Tibial Plateau Fracture, ABOS Oral Boards Preparation
What examiners expect and how to prepare
Clinical Scenario
This is a 45-year-old female attorney who was struck by a car as a pedestrian at low speed. She had immediate right knee pain and could not bear weight. No significant medical history and no medications.
On exam, the right knee was swollen with a tense effusion. She was tender over the lateral tibial plateau. Valgus stress was painful with increased laxity compared to the other side. I checked the peroneal nerve, normal dorsiflexion, eversion, and sensation in the first web space. Distal pulses were symmetric.
AP, lateral, and oblique radiographs showed a split-depression fracture of the lateral tibial plateau with approximately 8mm of articular depression and lateral condylar widening. I obtained a CT with coronal, sagittal, and axial reconstructions, this confirmed a Schatzker II pattern with a 10mm depressed articular fragment and an intact posteromedial column. I also obtained an MRI, which showed an intact ACL and PCL, an MCL sprain without complete disruption, and a lateral meniscus tear with entrapment in the fracture cleft.
Given the degree of articular depression, well beyond the generally accepted 3 to 5mm threshold, the condylar widening, the valgus instability on exam, and the meniscal entrapment requiring repair, this was a clear operative indication. We discussed the surgical plan and she agreed to proceed.

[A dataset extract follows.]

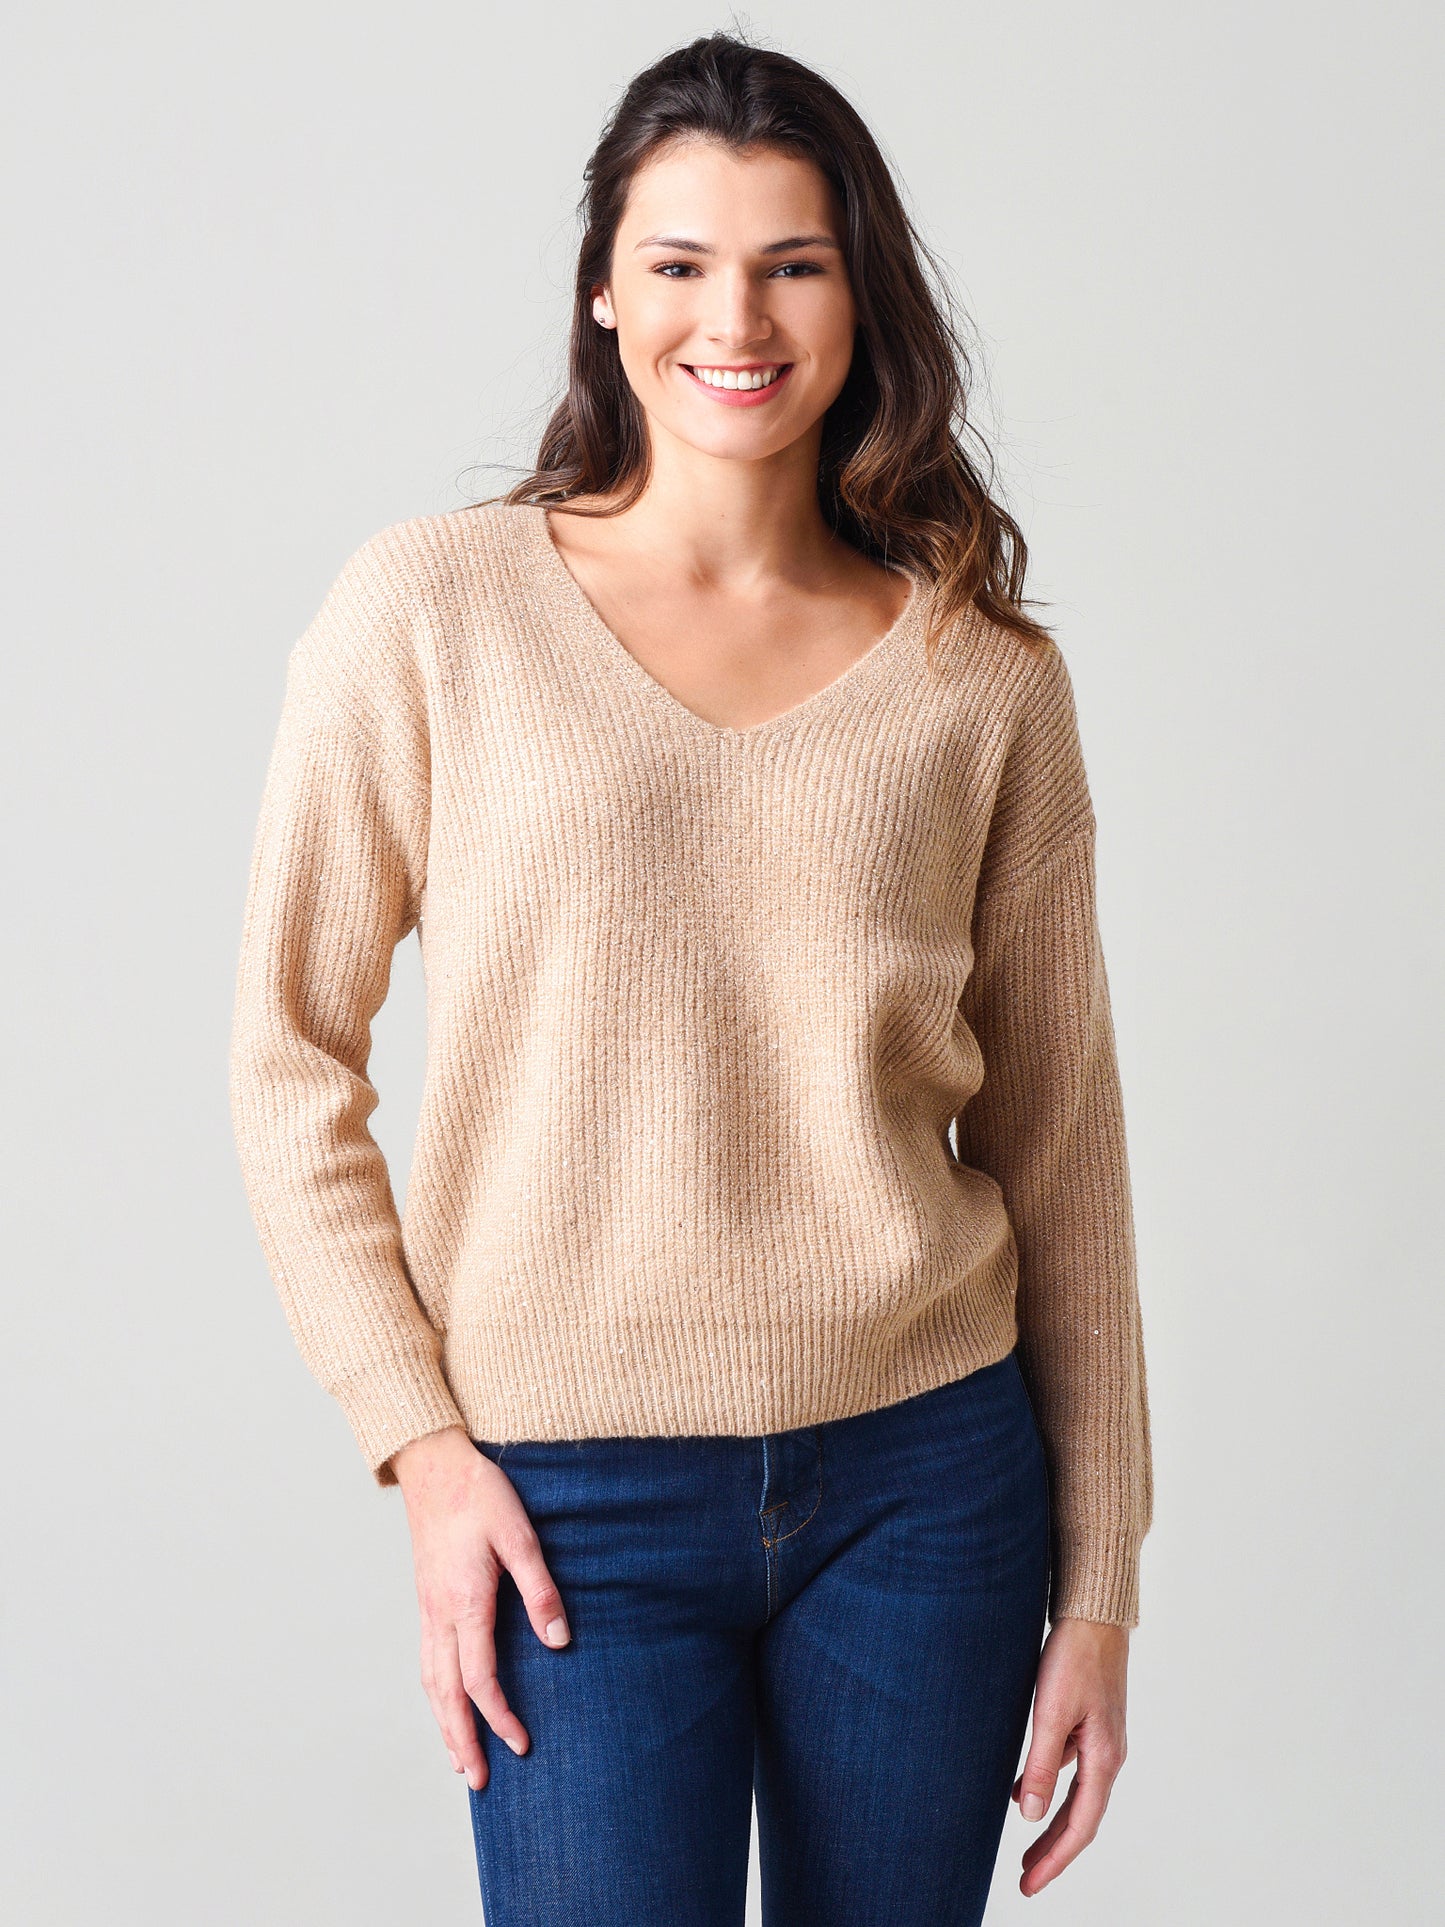 Heartloom Women's Zeva Sweater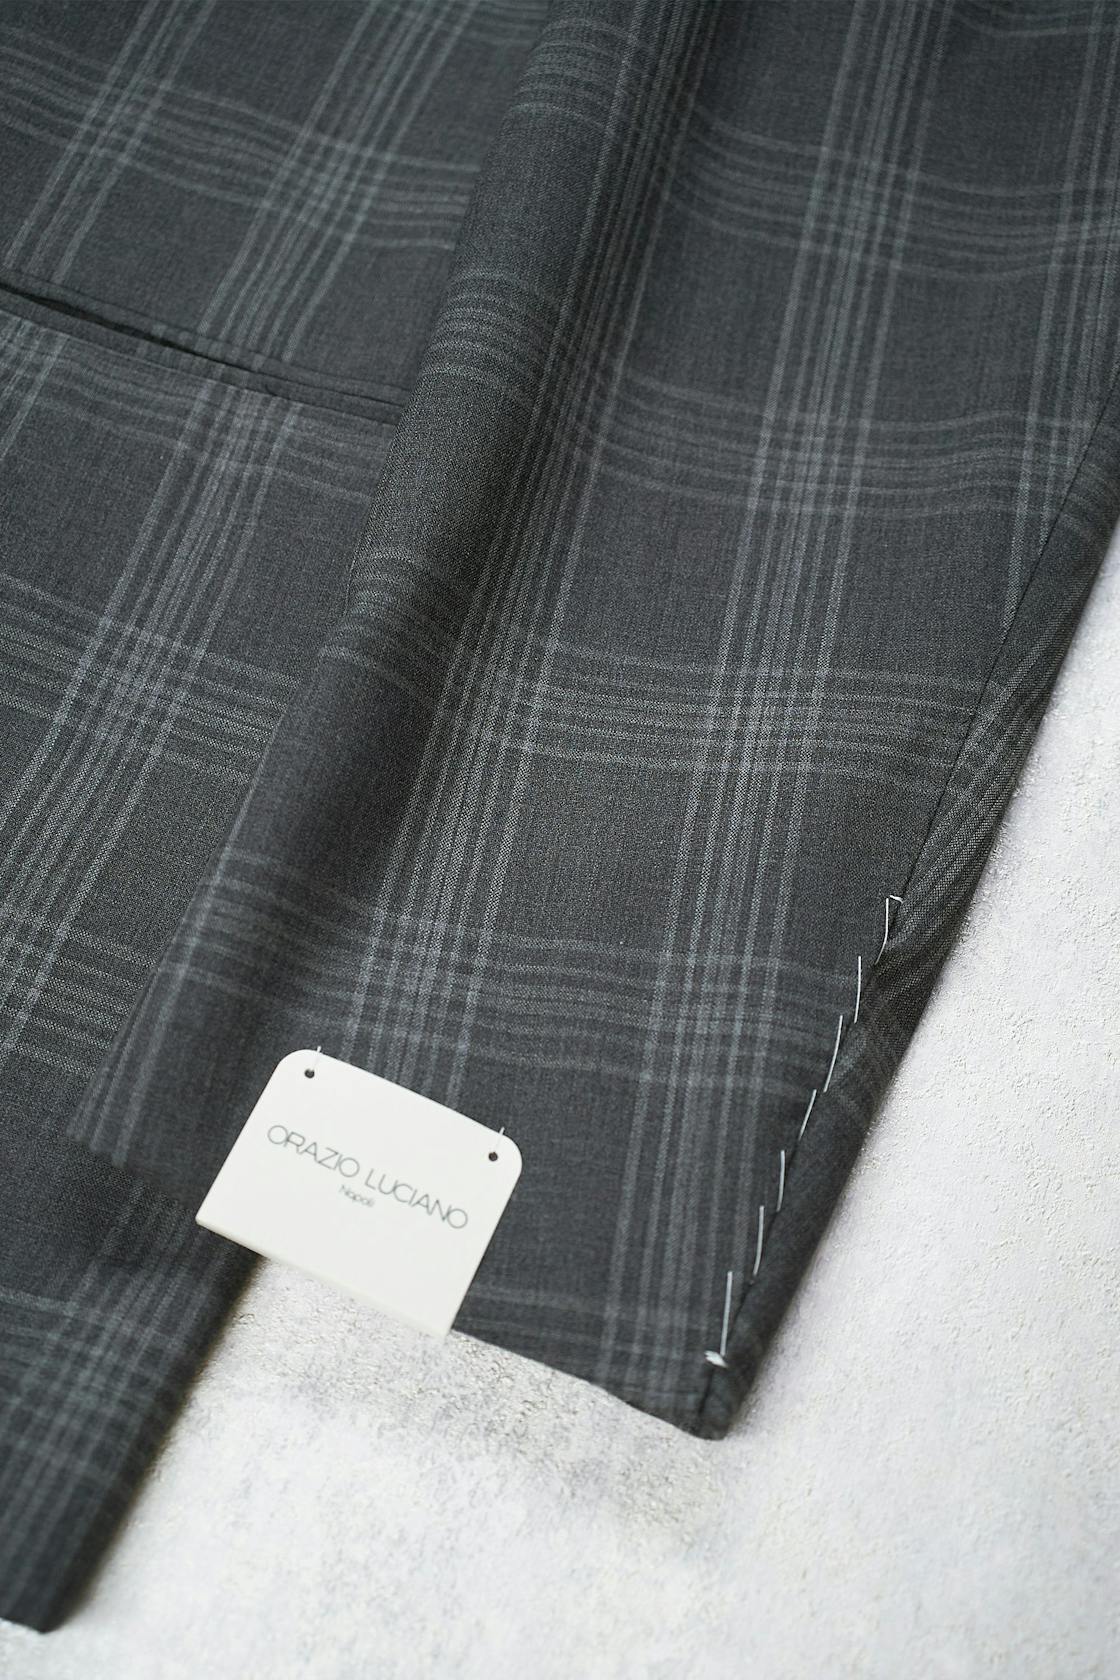 Orazio Luciano Grey Wool Check Suit

I performed ORIF through an anterolateral approach with a submeniscal arthrotomy, using a lateral periarticular locking plate with calcium phosphate bone substitute for the metaphyseal void. The entrapped lateral meniscus was reduced and repaired. I confirmed articular reduction and joint stability with fluoroscopy and valgus stress.
Post-operatively, she was placed in a hinged knee brace and started immediate range of motion from 0 to 90 degrees. She was non-weight-bearing for eight weeks to protect the meniscal repair and the articular surface. At six weeks, X-rays showed early healing with maintained articular reduction, but her range of motion had plateaued at 0 to 85 degrees despite compliant therapy. At ten weeks, she was still stuck at 0 to 90. Given the persistent stiffness, I performed a manipulation under anesthesia at twelve weeks. Under general anesthesia I was able to achieve 0 to 130 degrees of flexion. She was started on an aggressive therapy protocol immediately after the manipulation. At four months, she had regained 0 to 120 degrees of motion and was progressing to full weight-bearing. At six months, she was walking without a significant limp, back to most of her normal activities, and had no instability on exam.
She was satisfied with the result and returning to her active lifestyle. In retrospect, I would consider using arthroscopic assistance for the articular reduction rather than relying solely on direct visualization through the submeniscal arthrotomy. I also think starting continuous passive motion in the immediate post-operative period might have prevented the stiffness that required manipulation. I monitored her closely for post-traumatic arthritis given the articular involvement, and at six months her joint space was well-maintained.
What Examiners Look For
- Data gathering: Describe the complete workup, why did you get CT and MRI? What additional information did each provide beyond plain films?
- Diagnosis: Schatzker classification from imaging and how it directs treatment. Identify which column is involved using three-column theory.
- Treatment plan: What are your indications for surgery? How much articular depression is acceptable? What role does the meniscal entrapment play?
- Technical skill: Describe the elevation of the depressed fragment, void management, and why you chose a submeniscal arthrotomy over arthroscopy.
- Complications: What if she develops post-traumatic arthritis at 5 years? What are her options? How does the meniscal status affect this?
- Applied knowledge: Discuss the three-column classification concept and how it has changed fixation strategy for these fractures.
Common Pitfalls
- Not addressing the soft tissue injury, meniscal pathology and ligamentous injury must be discussed with every tibial plateau fracture.
- Forgetting to check and document the peroneal nerve, especially with lateral plateau injuries and valgus mechanism.
- Using articular depression thresholds without understanding that functional demand and compartment affected matter.
- Not discussing weight-bearing protocols and how timing affects outcomes.
- Skipping the non-operative discussion, know which Schatzker patterns can be treated in a brace.